● Your task: Without including any images, repeat the data exactly.

● Supplied data:
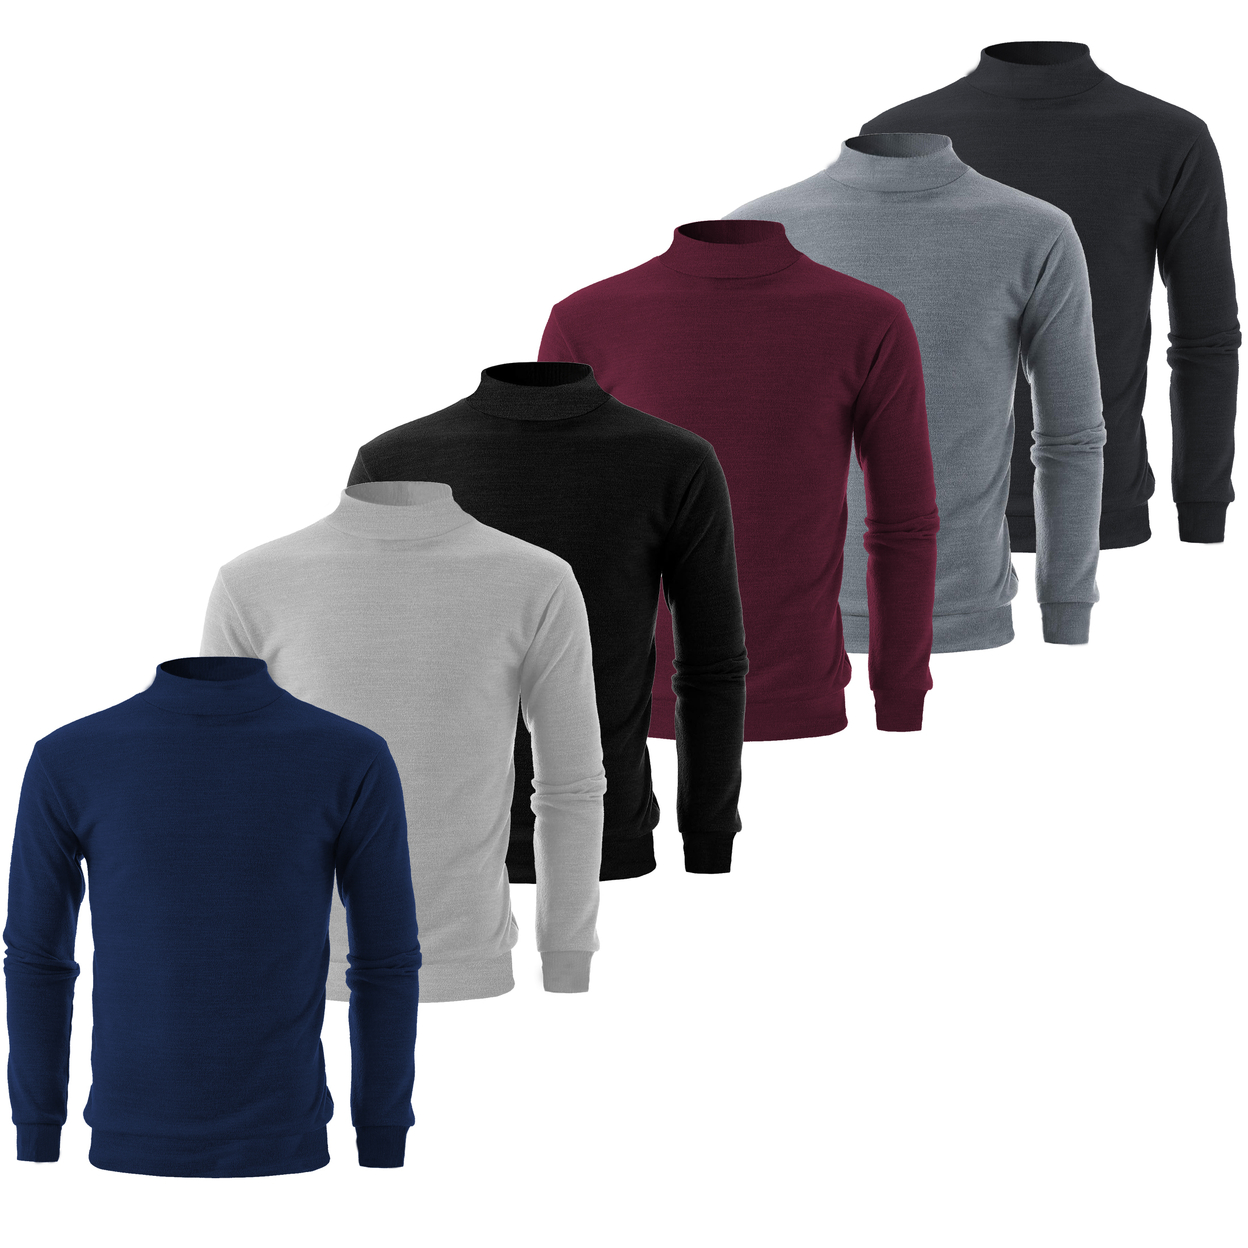 Men's Winter Warm Cozy Knit Slim-Fit Mock Neck Sweater - Grey, Large
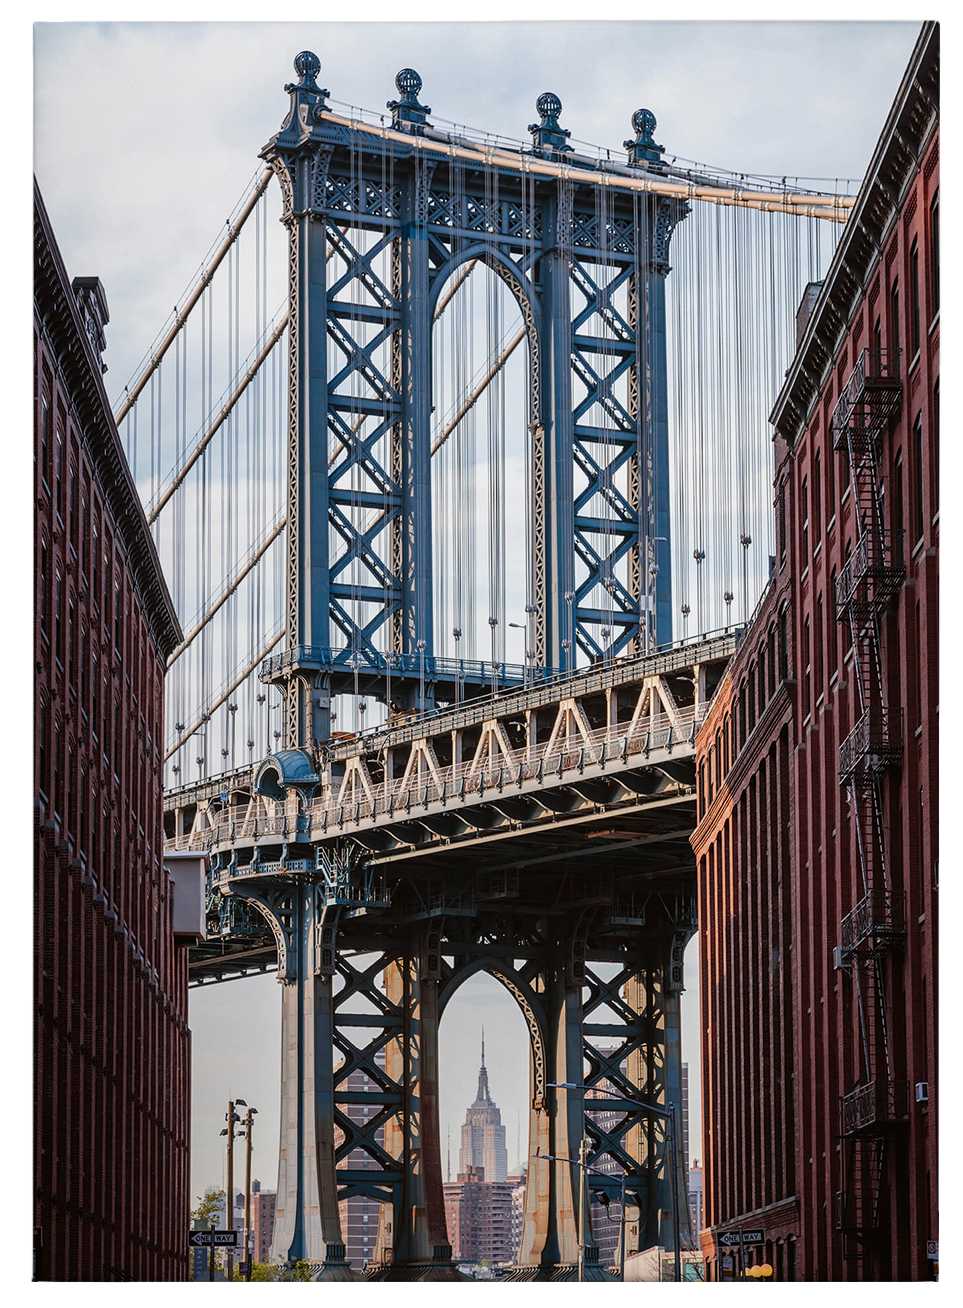             Quadro su tela New York Brooklyn Bridge, foto di Colombo - 0,70 m x 0,50 m
        
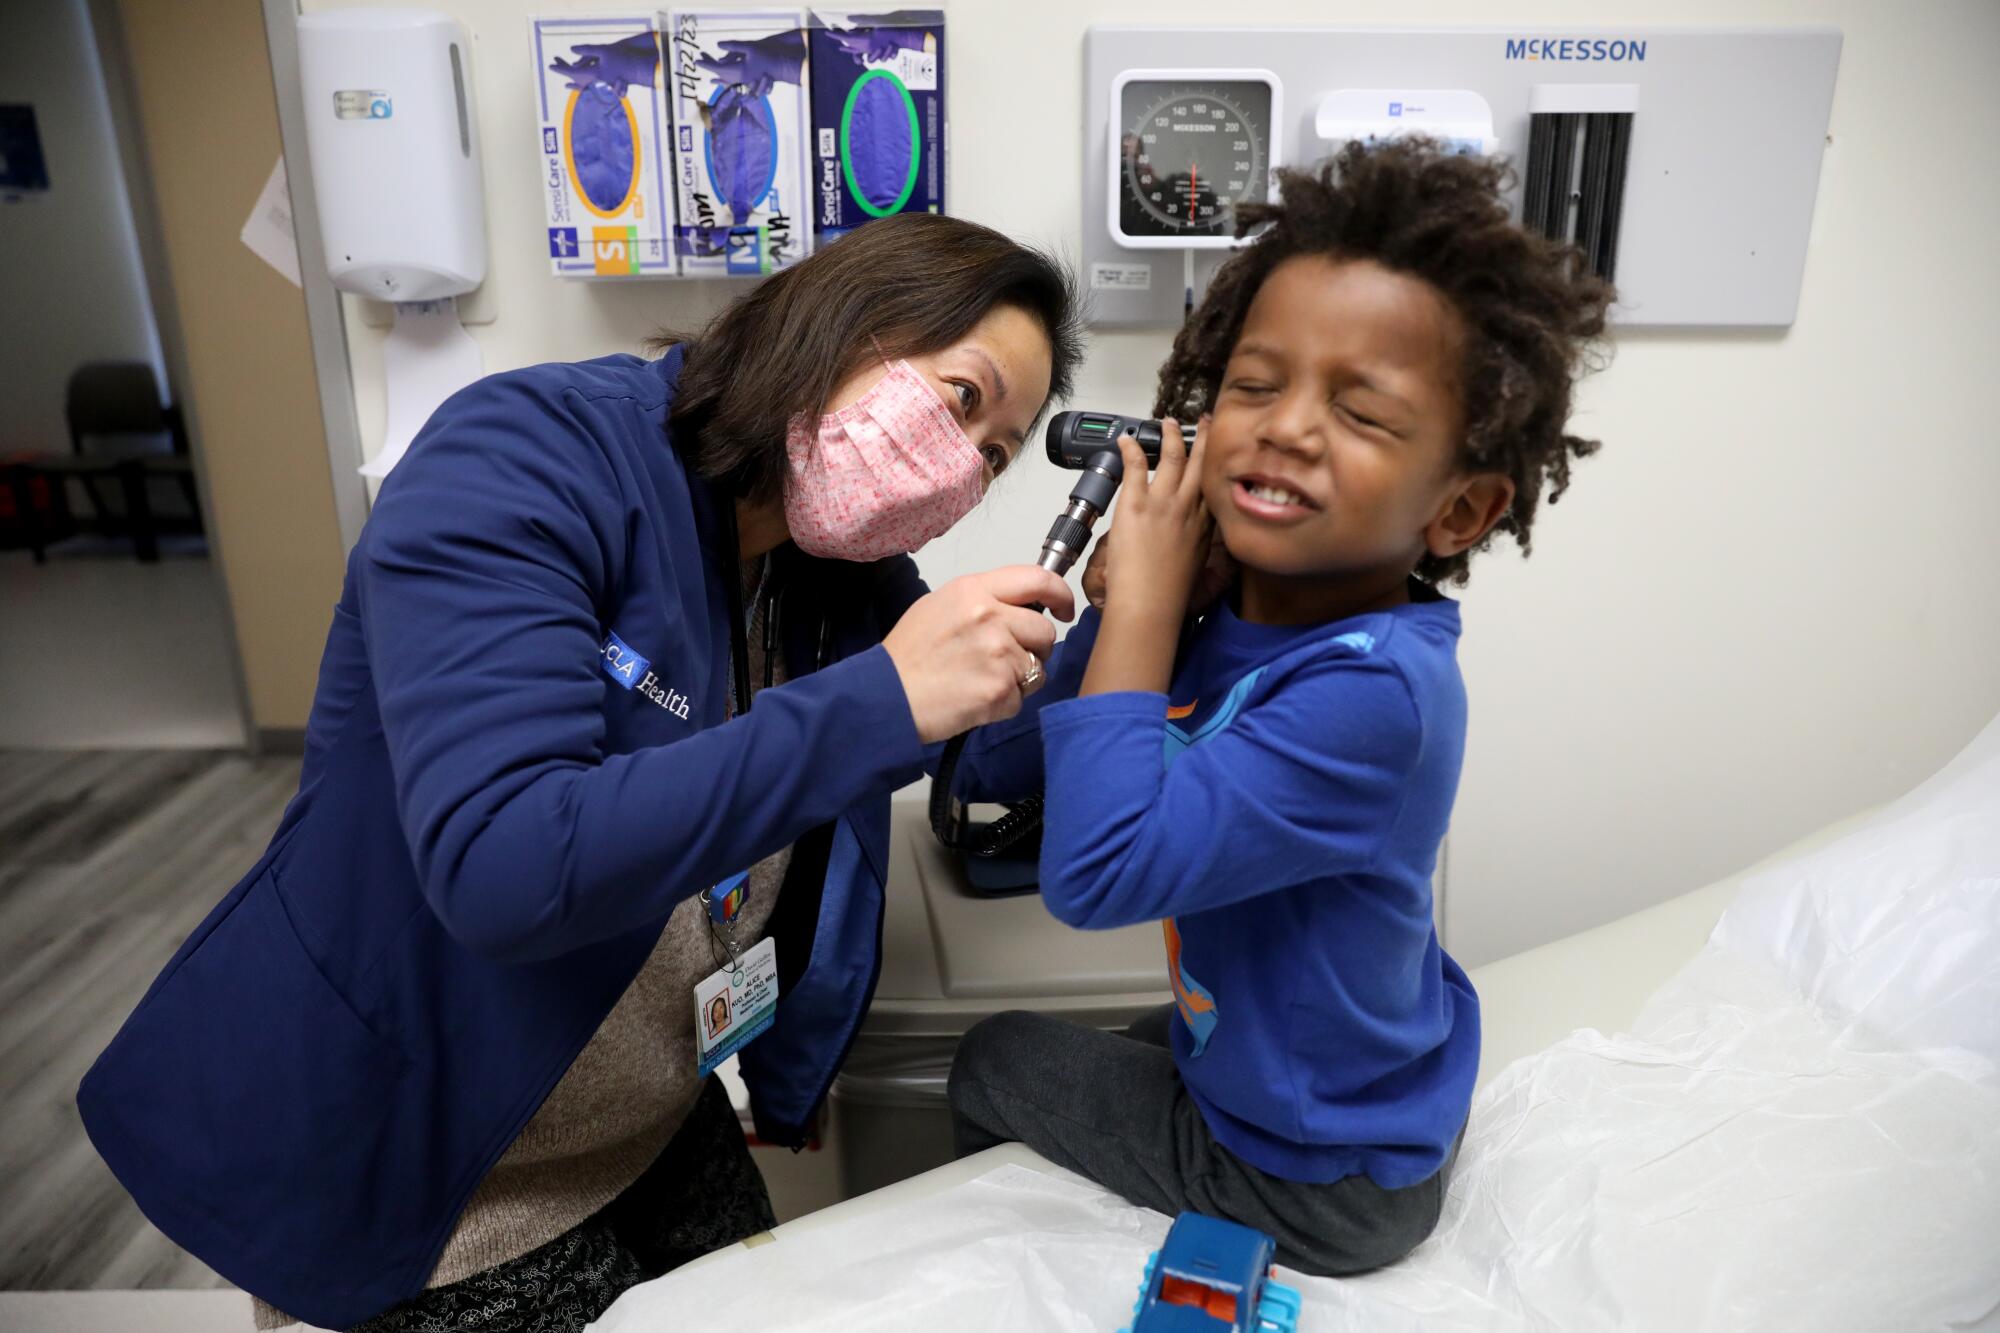 The Growing Child: 2-Year-Olds - Stanford Medicine Children's Health

● Reply to the task:
 Men's Winter Warm Cozy Knit Slim-Fit Mock Neck Sweater - Grey, Large
             Quadro su tela New York Brooklyn Bridge, foto di Colombo - 0,70 m x 0,50 m
        
 The Growing Child: 2-Year-Olds - Stanford Medicine Children's Health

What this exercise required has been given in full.